Subject: Re: 3.15-rc8 oops in copy_page_rep after page fault.

On Fri, Jun 06, 2014 at 01:43:17PM -0400, Dave Jones wrote:
> Not much to go on here. It rebooted right after dumping this.
>
> RIP: 0010:[<ffffffff8b3287b5>] [<ffffffff8b3287b5>] copy_page_rep+0x5/0x10
> Call Trace:
> [<ffffffff8b1be8db>] ? do_huge_pmd_wp_page+0x5cb/0x850
> [<ffffffff8b187010>] handle_mm_fault+0x1e0/0xc50
> [<ffffffff8b1b4662>] ? kmem_cache_free+0x1c2/0x200
> [<ffffffff8b7472d9>] __do_page_fault+0x1c9/0x630
> [<ffffffff8b010a98>] ? perf_trace_sys_enter+0x38/0x180
> [<ffffffff8b11897b>] ? __acct_update_integrals+0x8b/0x120
> [<ffffffff8b747bfb>] ? preempt_count_sub+0xab/0x100
> [<ffffffff8b74775e>] do_page_fault+0x1e/0x70
> [<ffffffff8b7441b2>] page_fault+0x22/0x30

Ok, I can reproduce this fairly easily.

The only prerequisite seems to be that before I start the fuzzer I do..

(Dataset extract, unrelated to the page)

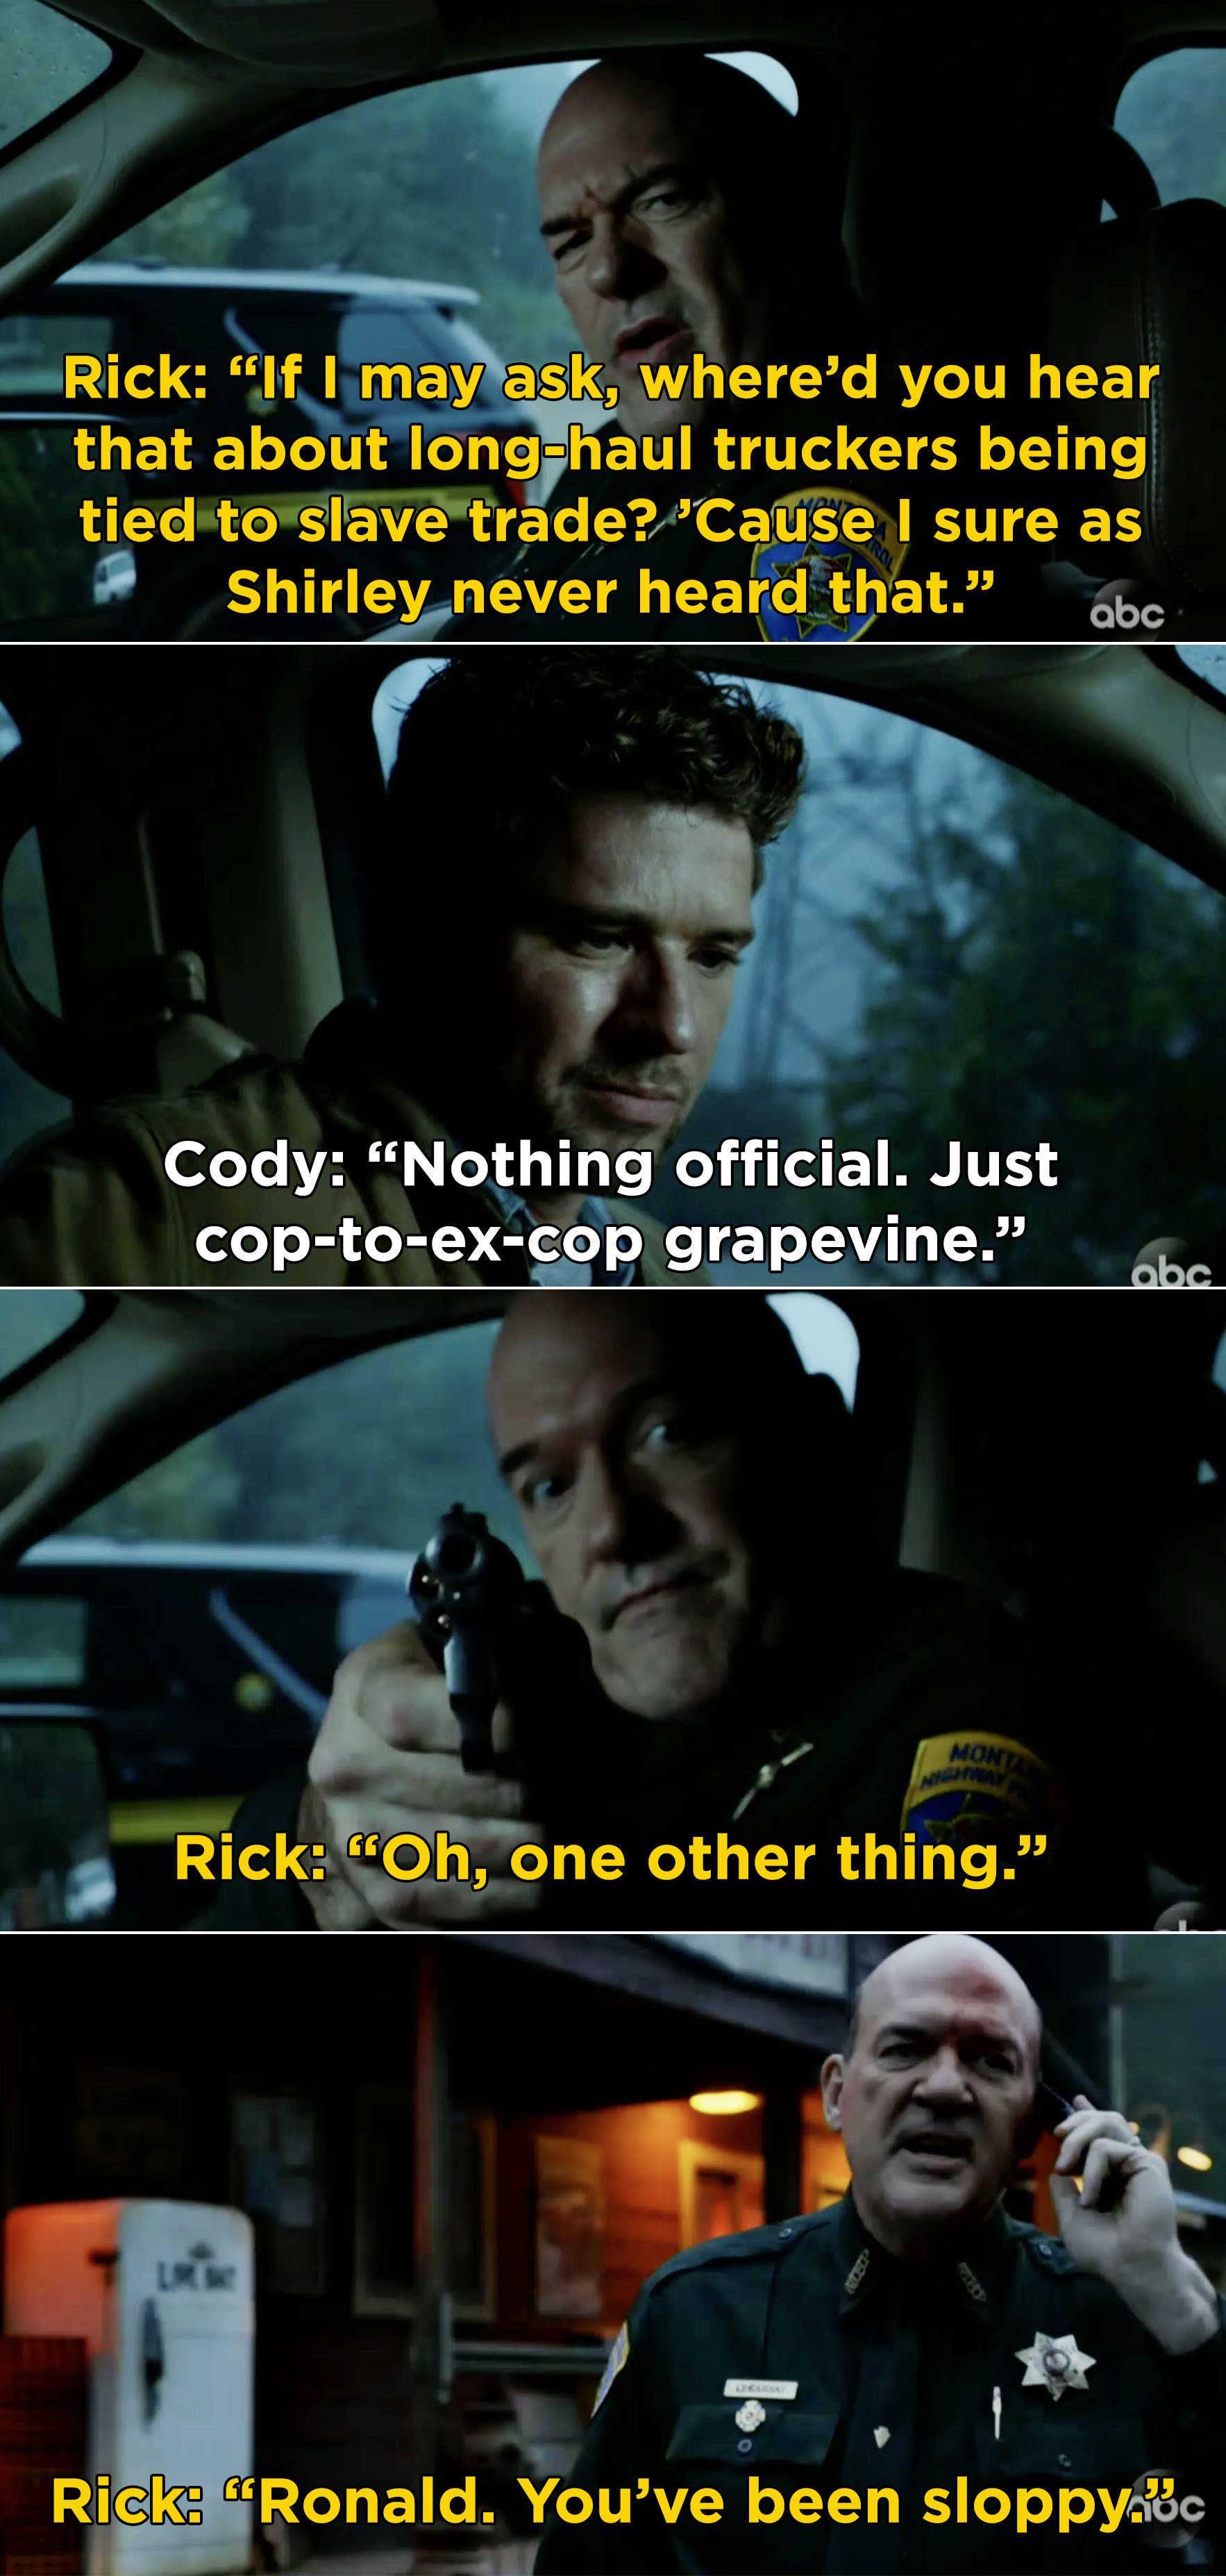 Rick asking Cody how he heard about the long-haul truckers being tied to slave trade before killing him

echo 65536 > /proc/sys/vm/mmap_min_addr

If I don't do that, then it seems to survive, so maybe that's a clue ?

Dave

2014-06-06 18:26:16

by Linus Torvalds

[permalink] [raw]

Subject: Re: 3.15-rc8 oops in copy_page_rep after page fault.

On Fri, Jun 6, 2014 at 10:43 AM, Dave Jones <[email protected]> wrote:
>
> RIP: 0010:[<ffffffff8b3287b5>] [<ffffffff8b3287b5>] copy_page_rep+0x5/0x10

Ok, it's the first iteration of "rep movsq" (%rcx is still 0x200) for
copying a page, and the pages are

RSI: ffff880052766000
RDI: ffff880014efe000

which both look like reasonable kernel addresses. So I'm assuming it's
DEBUG_PAGEALLOC that makes this trigger, and since the error code is
0, and the CR2 value matches RSI, it's the source page that seems to
have been freed.

And I see absolutely _zero_ reason for wht your 64k mmap_min_addr
should make any difference what-so-ever. That's just odd.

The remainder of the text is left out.